In fall 1976, Allen, who had coached men’s soccer since 1946, told then-athletic director Bill Cobey that he was going to retire at the end of the year and he wanted Dorrance to take over.
“That’s how I got from coaching Rainbow Soccer to the top of Division 1,” Dorrance said.
He still is not sure what his old coach saw in him – other than a passion for the game – that fueled his transition from a skinny walk-on to a three-time All-ACC player.
After he became the men’s soccer coach in 1977, only a part-time position then, he transferred to Carolina’s law school, intent on dutifully carrying out his father’s plan.
Two years later, he also took on coaching the women’s soccer team and for the next eight years coached both teams. Law school went by the wayside.
There was no money in coaching back then and no evidence of a future, Dorrance said, but M’Liss realized before he did that coaching was what he loved and was meant to do.
No magic formula
Dorrance has never bought into the cliché that winning is everything. His one demand, throughout every practice and every game, is to play the game the way it is supposed to be played: intensely, smartly and aggressively – more so than women once permitted themselves to play.
Women, he noticed, had no problem competing ferociously against an opposing team they disliked.

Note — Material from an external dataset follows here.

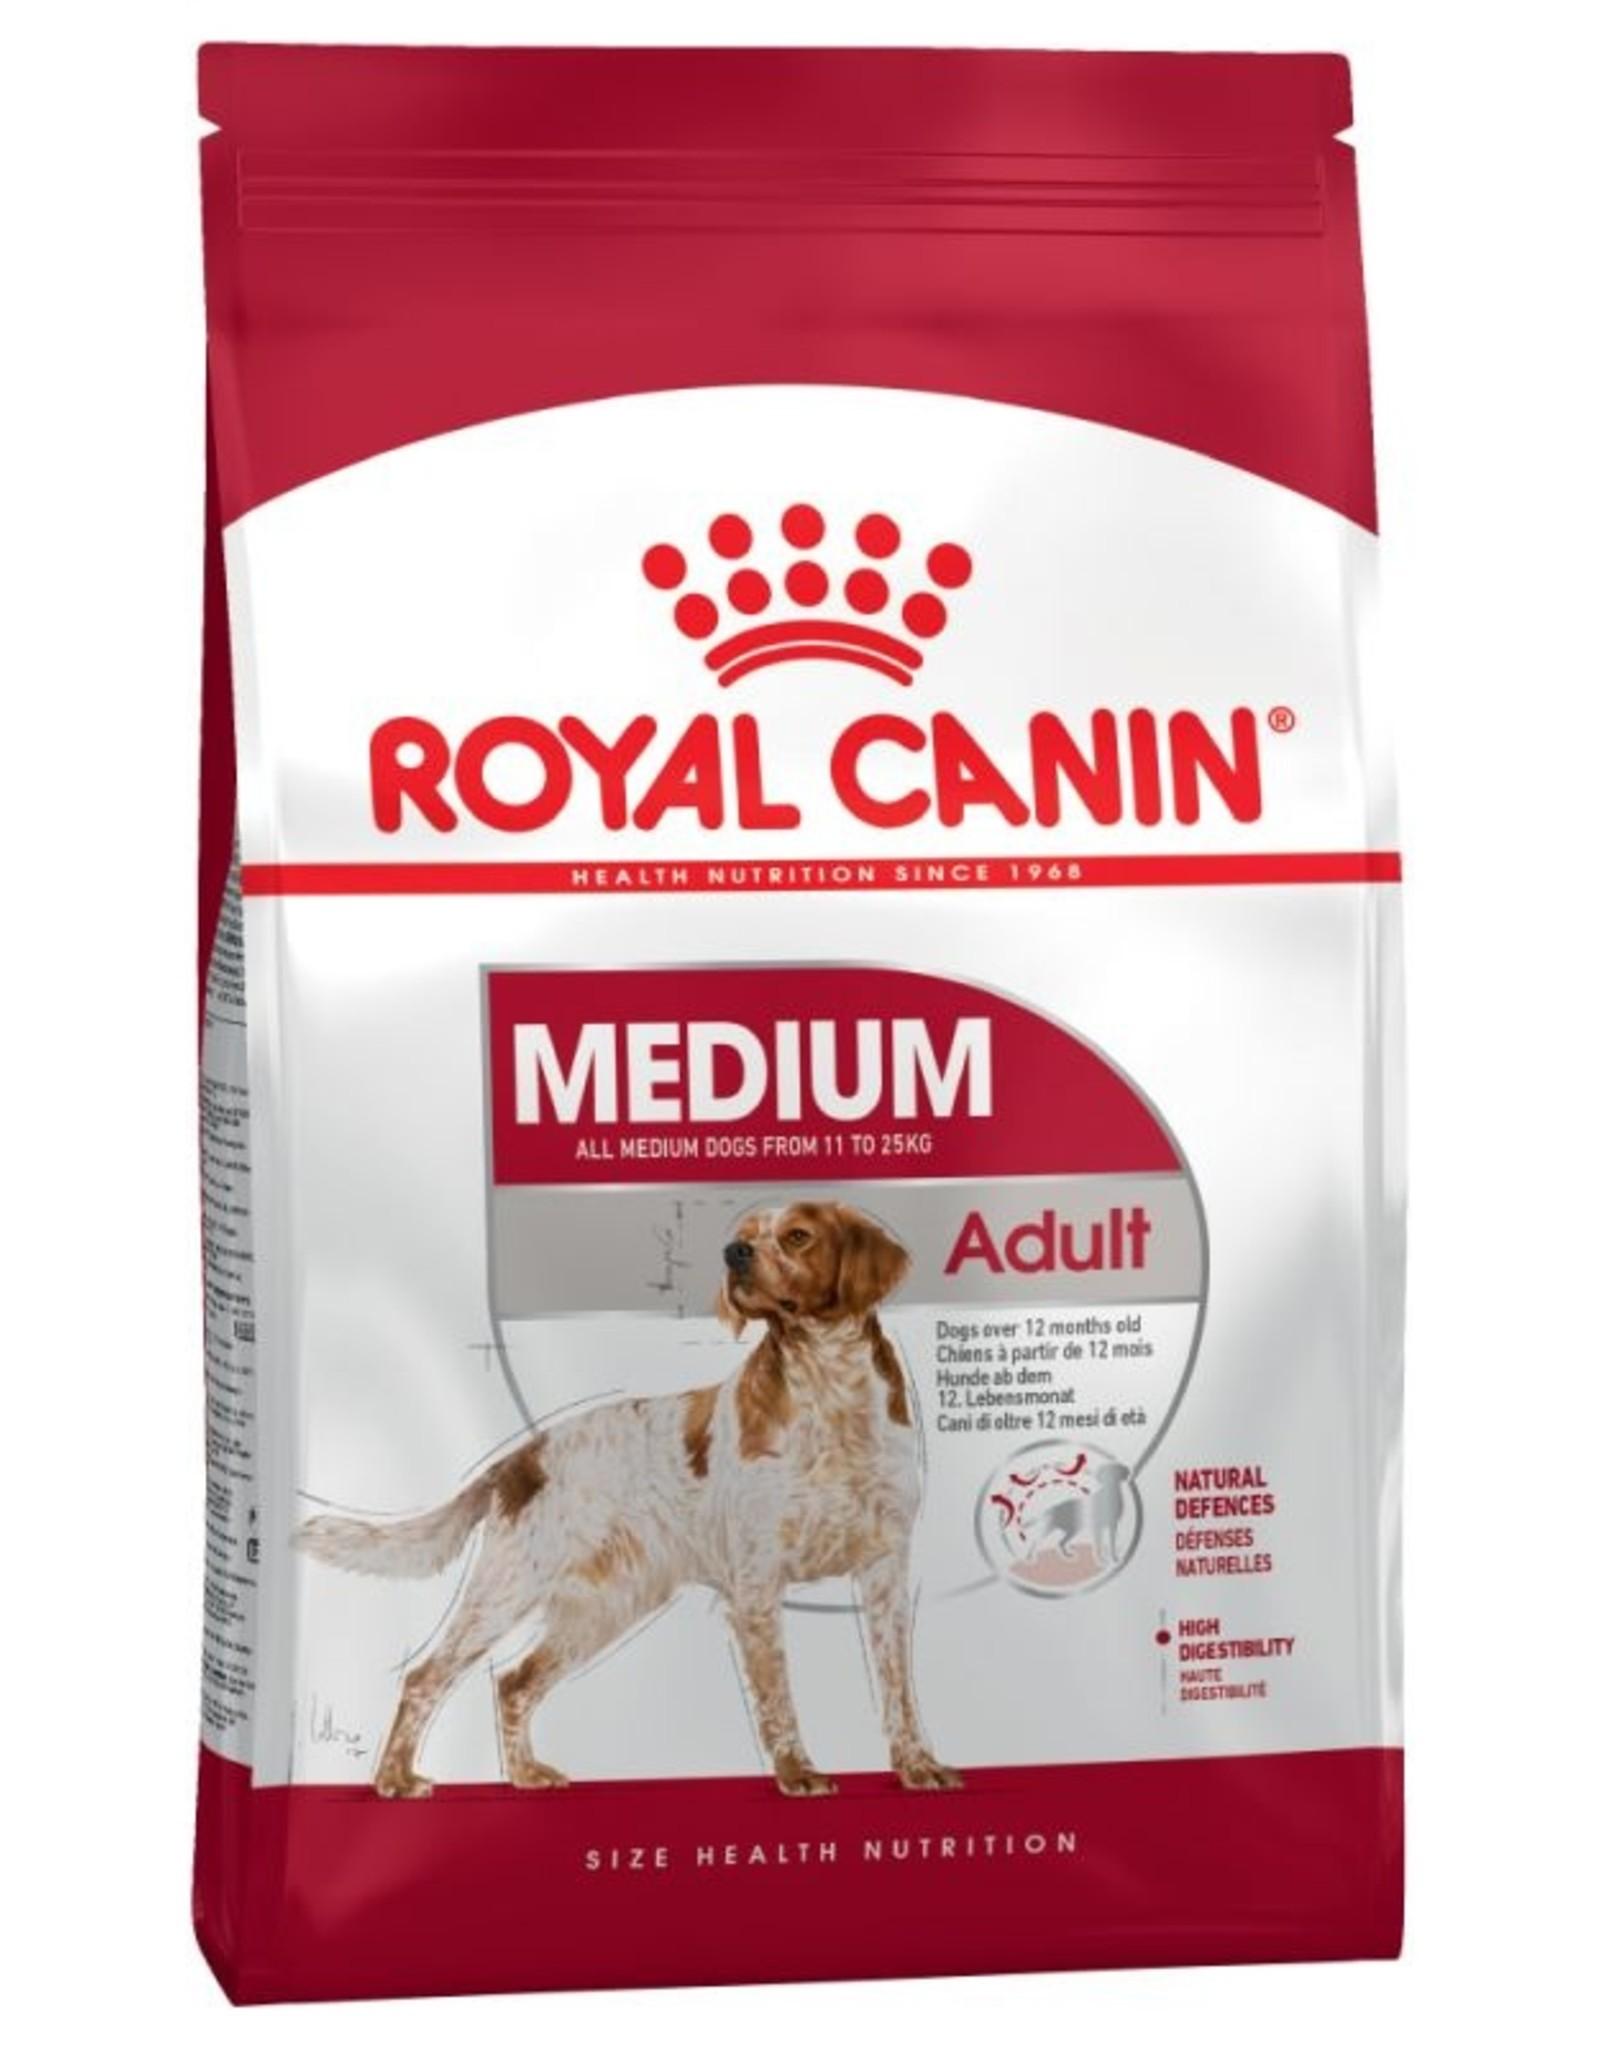 Royal Canin Royal Canin Shn Medium Adult Chien 15kg

In fact, the more they disliked a team, the harder they played. But they had a hard time going after their teammates with that same intensity.
Men, on the other hand, could easily play smash-mouth soccer no matter who they played.

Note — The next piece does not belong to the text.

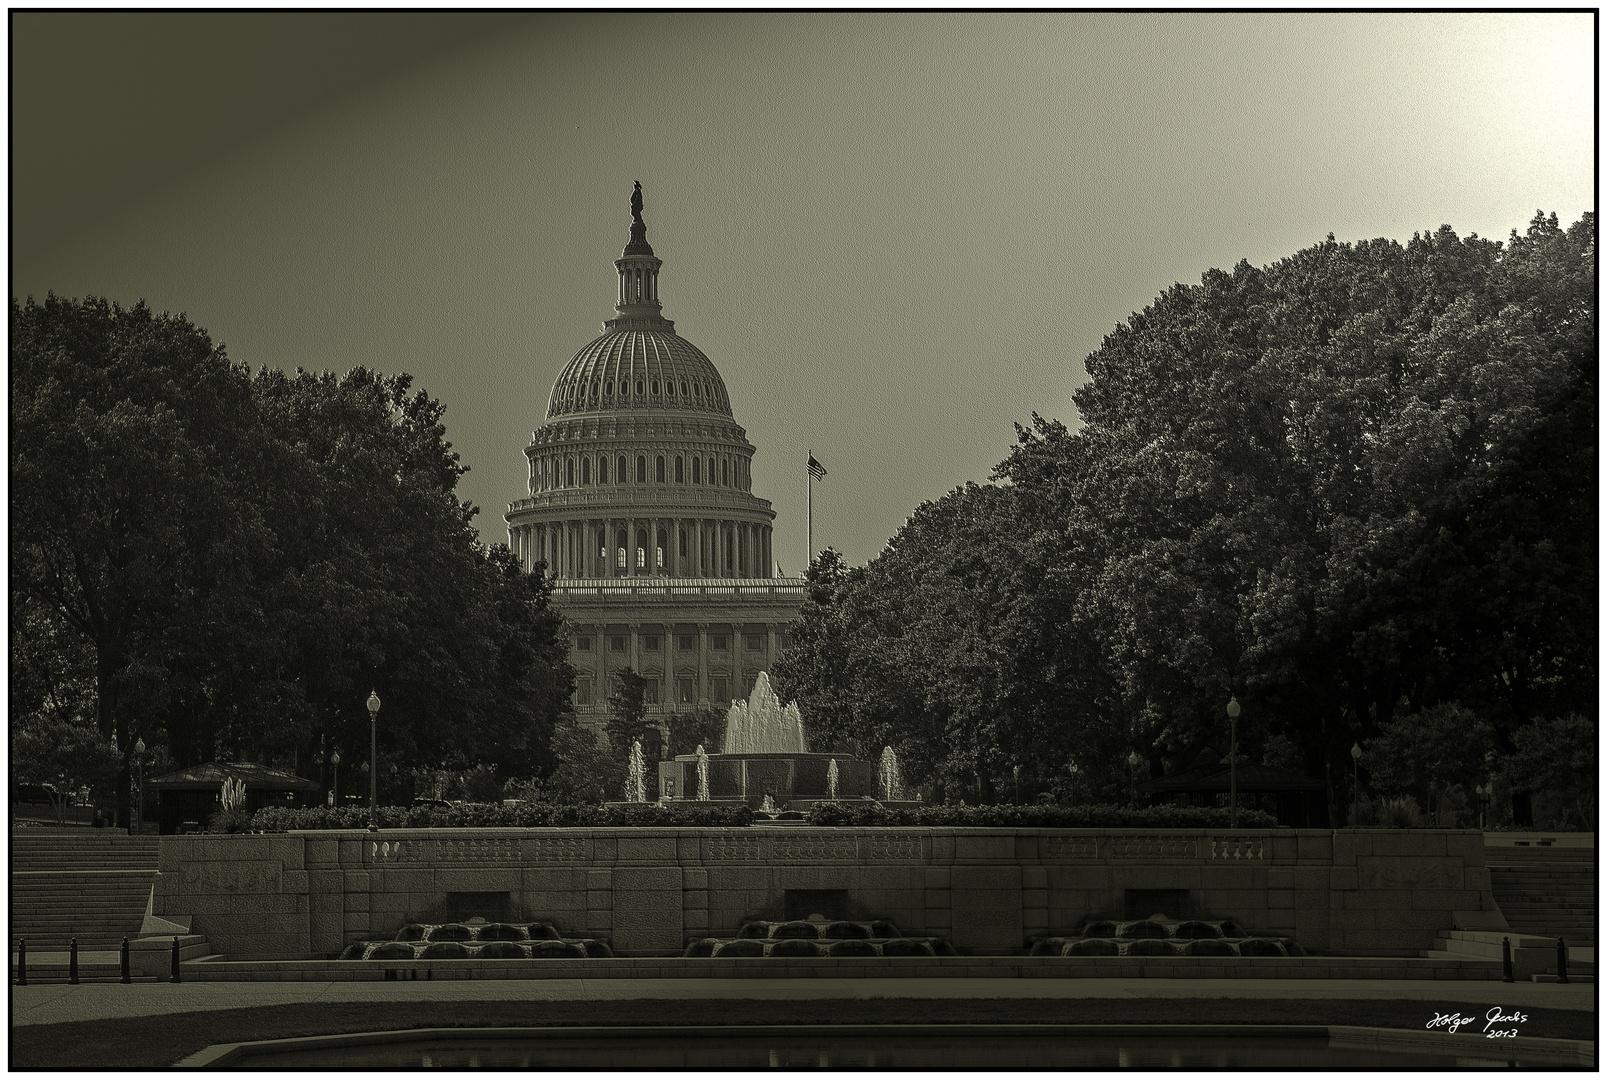 The CAPITOL Washington D.C.

As a coach, Dorrance had to figure out how to give women permission to change their behavior. And the Seventies was a decade in which feminists argued passionately that women had to be treated the same in every environment.
It was a tricky, delicate business, and even now, Dorrance treads lightly on the subject.

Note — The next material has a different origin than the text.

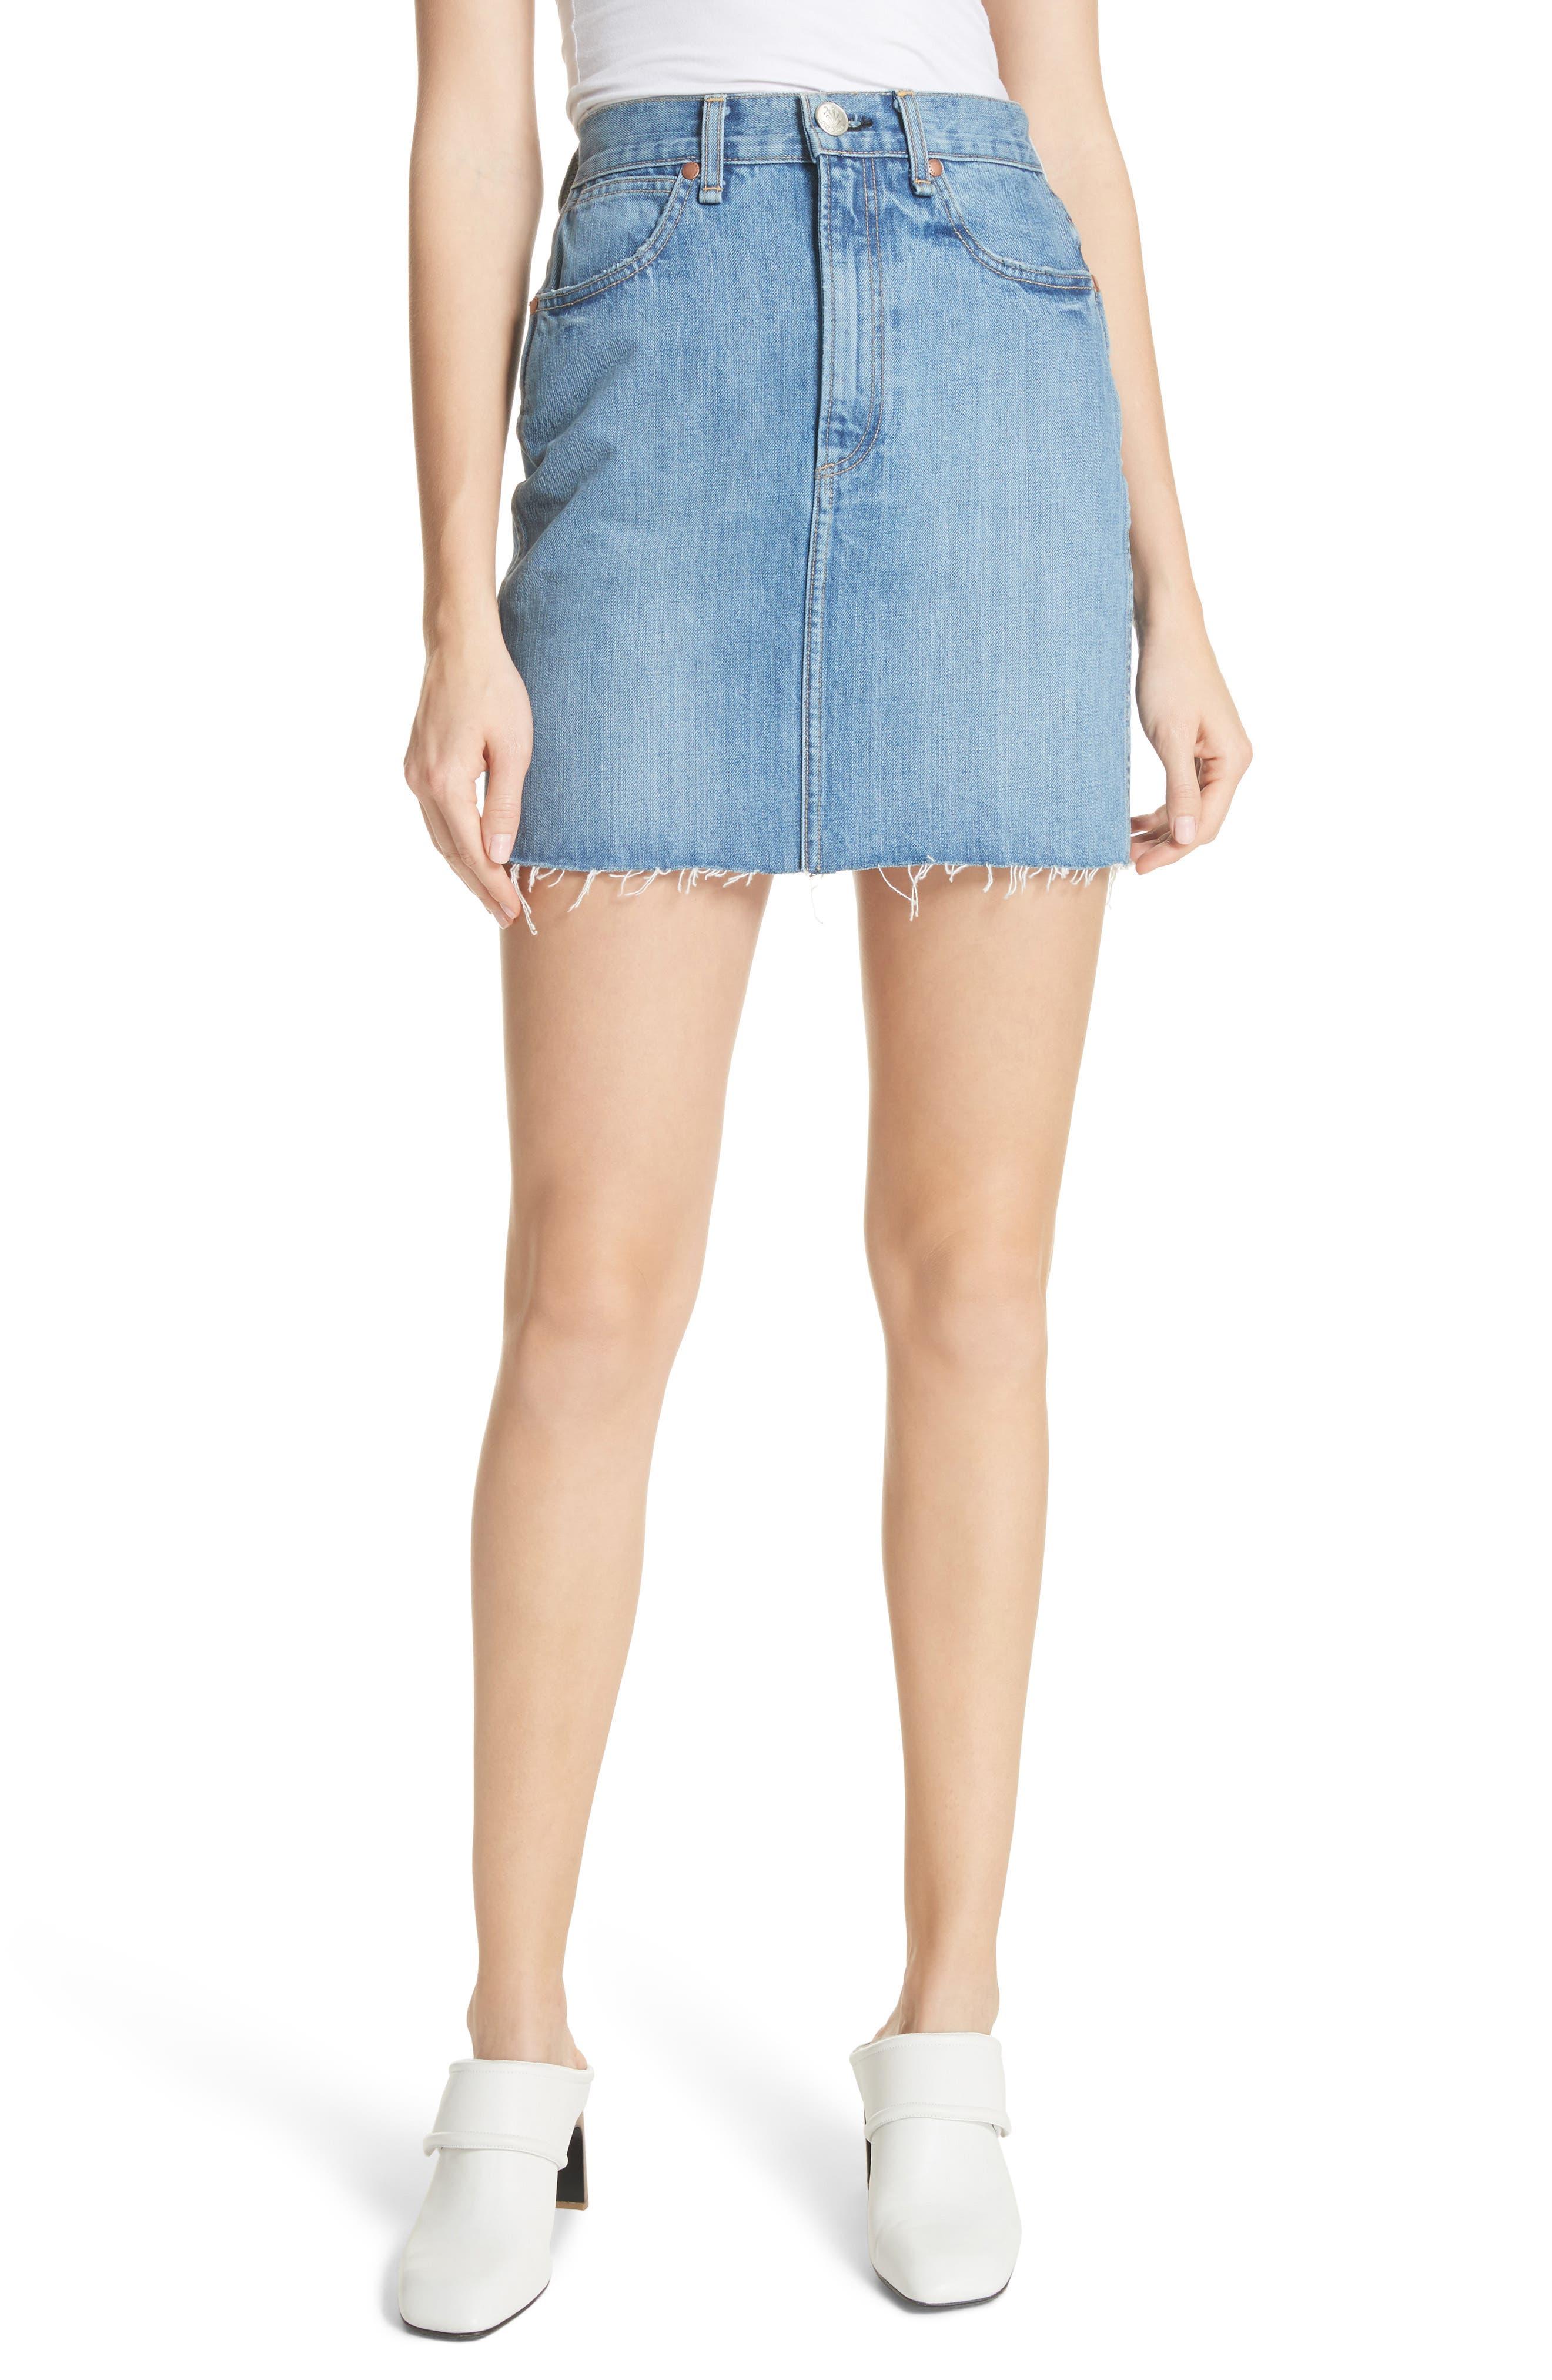 Alternate Image 1 Selected - rag & bone/JEAN Moss High Waist Denim Miniskirt (Clean Levee)

“I’d be hard pressed to sit here with an English and philosophy background and tell you that I have any understanding about what is innately different about men and women,” he said, “but I discovered, at least anecdotally through my experience, that there are some real differences.”
For his team to compete at the highest level, the players have to practice against each other at that level, even when they don’t want to.
“What we try to do here is to create this balance between furious competition and personal connection,” Dorrance said. “The way we do that is by not taking ourselves seriously. We make it a point to have fun.”
A wise teacher
He and his players relish being on top and, because of their legendary success, expect all their opponents to bring their best.
But losing does happen, as it did early in this year’s NCAA tournament, and when it does, it offers lessons that winning cannot.
As Dorrance talks about this, he begins rummaging through the pile of papers on his desk to find the book his daughter Michelle gave him years ago on Father’s Day, one filled with the inspirational quotes he prescribes to his team as doctors dispense medicine.
The book is thick, and there is no index, but he finds the excerpt from “My Losing Season,” Pat Conroy’s memoir about playing basketball at the Citadel, that he shared with his players after this year’s tournament loss. He reads:
“Sports books are always about winning because winning is far more pleasurable and exhilarating to read about than losing. Winning is wonderful in every aspect, but the darker music of loss resonates on deeper, richer planes. …
“Loss is a fiercer, more uncompromising teacher, coldhearted but clear-eyed in its understanding that life is more dilemma than game, and more trial than free pass.”
Dorrance looks up and permits himself a slow grin.
“I guess my English and philosophy degrees actually do apply to this job,” he said.